Statement 5: There Is Equitable Distribution Of Resources And Benefits Among All Social Groups
According to the findings, only those with higher educational degrees believe that the lake's resources are used equitably by the local population. Their impression of the lake may be toward its overall benefits and usage; however, individuals with less educational qualifications may perceive merely using the direct benefits shown to all. As a result, they may feel that the resource is only accessed by a small group of individuals and not by everyone. As many professionals have discovered, education is one of the key variables influencing people's perceptions on various issues (Ogra 2009; Harun et al. 2018; Hager et al. 2020).

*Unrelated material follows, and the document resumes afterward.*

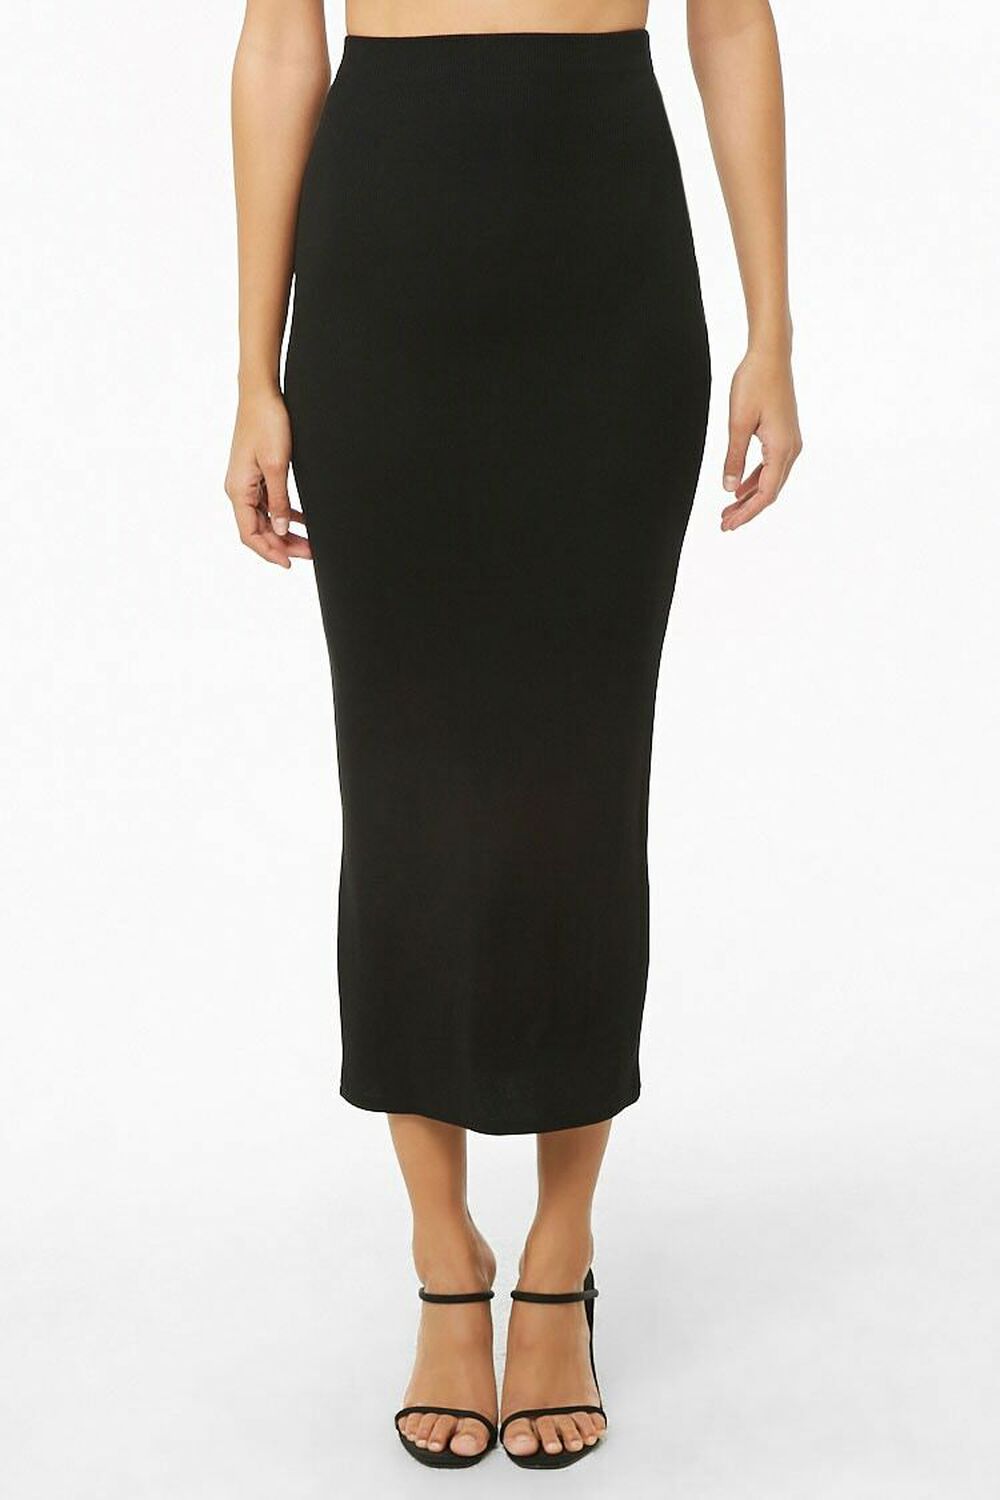 BLACK Ribbed High-Rise Midi Skirt, image 1

Statement 6: You Are Willing To Participate In The Conservation Initiatives
Almost everyone agreed with our statement. People frequently enquired about the compensation for their involvement in response to this statement. They only agreed with us when they had some possibility of receiving some reward for their cooperation. Our findings are consistent with those of (Karanth and Nepal 2012), who concluded that conservation of natural resources is only achievable when the livelihood requirements of local people are fulfilled.
In the case of statement 7, “People’s living conditions will improve if the lake is retained,” practically everyone agreed with us. Community engagement of all stakeholders is required to match any conservation efforts to protect or conserve the ecosystem and improve their lifestyle and livelihood. It has been perceived that people who live near natural resources are concerned about their conservation (Dimitrakopoulos et al. 2010; Scholte et al. 2016). Similarly, because most of our respondents are dependent on the lake for their livelihoods, they believe that improving the lake will help them better their livelihoods. Again, statements 8 and 9 stipulate, "Overexploitation should be regulated" and "Lake encroachment and agricultural field expansion around the lake should be stopped.” Again, we got the majority of the respondents to agree, and a few disagreed with our statement. We conclude that because approximately all respondents were directly or indirectly dependent on the lake, they believe its resources should be conserved for future generations. As a result, individuals may assume the lake is being conserved for future generations.
In statement 10, “The blooming tourism business has a negative impact on lake conservation,” we found the majority of our responses to be negative, since residents in the Ansupa lake area might have benefitted in some way from the influx of tourism, which again created a relationship on the dependency/benefits and perception towards the conservation of natural resources.